◆ **Work required**: From the listing below, retype exactly the line holding "ゲーム(ファミコン風)レーザー音_007の未再生の波形", the line holding "Família realiza sonho", and the lines between them; skip everything else.

◆ **Source data**:

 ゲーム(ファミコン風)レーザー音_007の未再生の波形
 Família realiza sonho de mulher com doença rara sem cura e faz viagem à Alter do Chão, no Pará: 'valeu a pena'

--

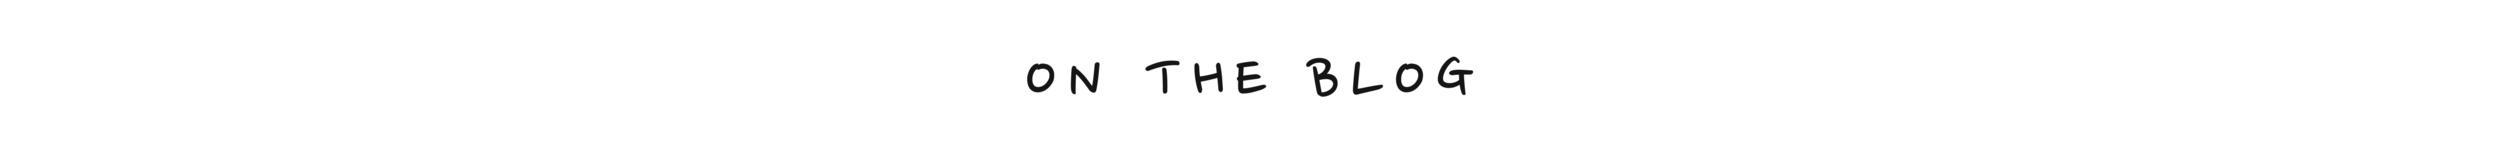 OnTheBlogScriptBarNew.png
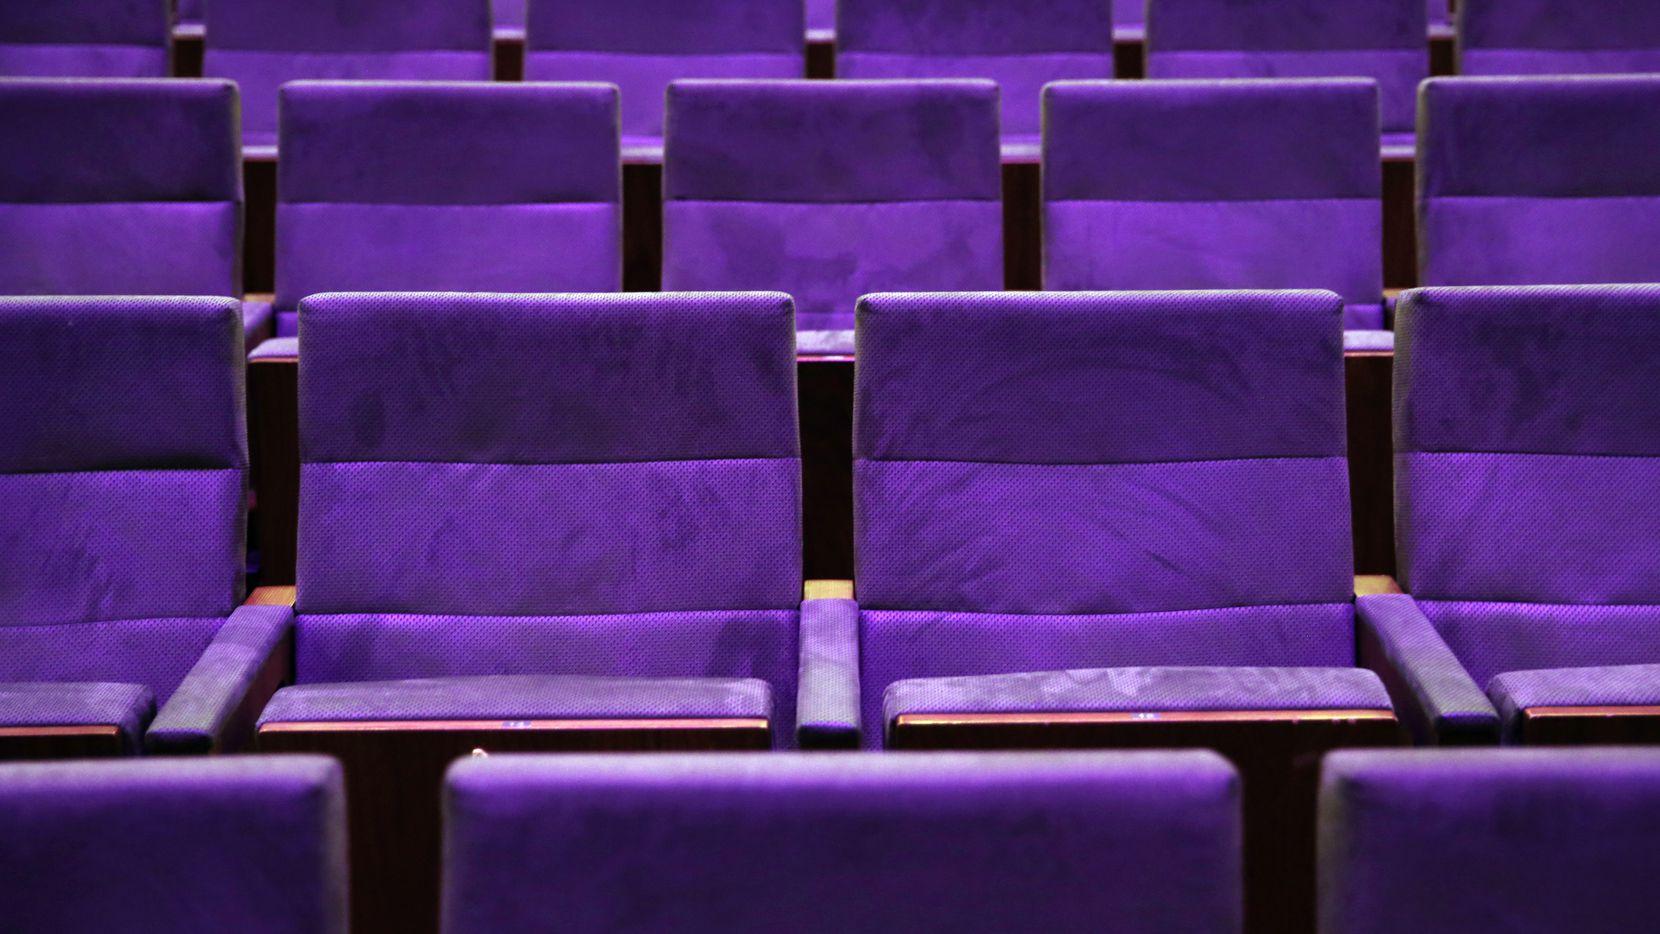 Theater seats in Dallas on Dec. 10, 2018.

---

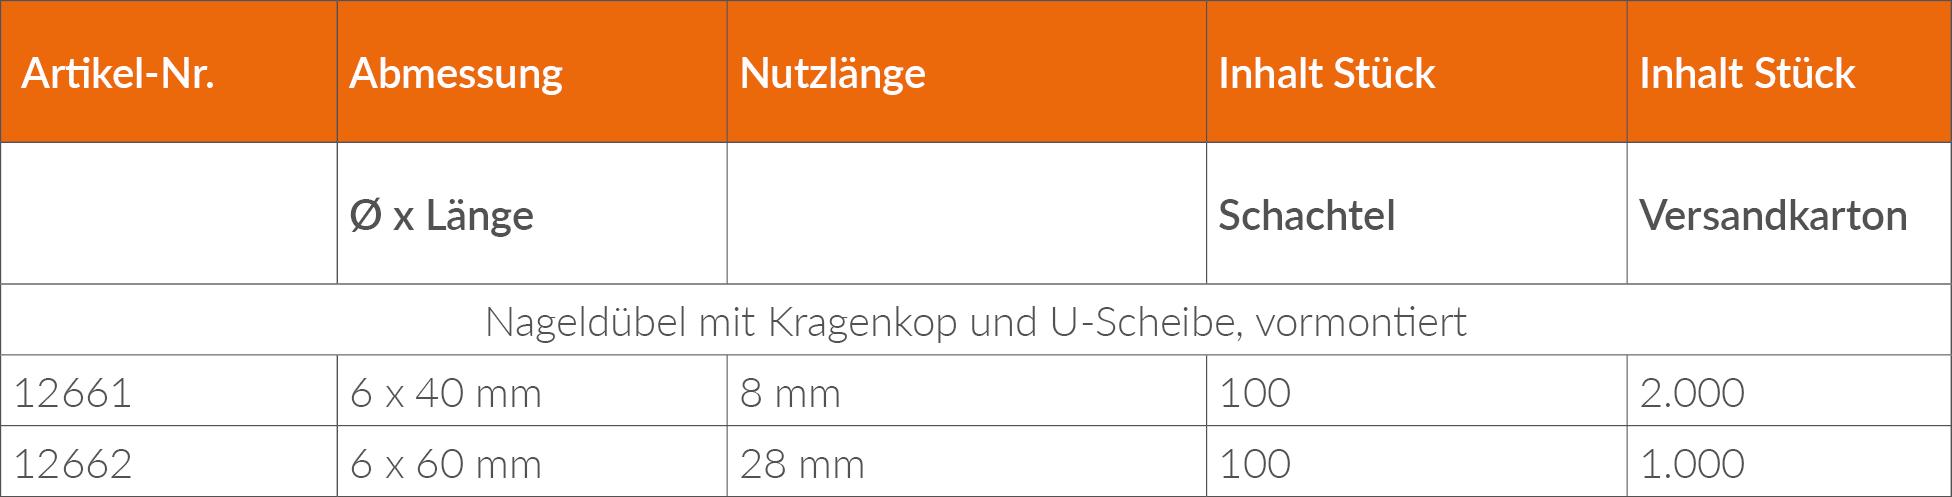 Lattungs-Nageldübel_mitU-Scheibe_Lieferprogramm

◆ **Answer box**:
 ゲーム(ファミコン風)レーザー音_007の未再生の波形
 Família realiza sonho de mulher com doença rara sem cura e faz viagem à Alter do Chão, no Pará: 'valeu a pena'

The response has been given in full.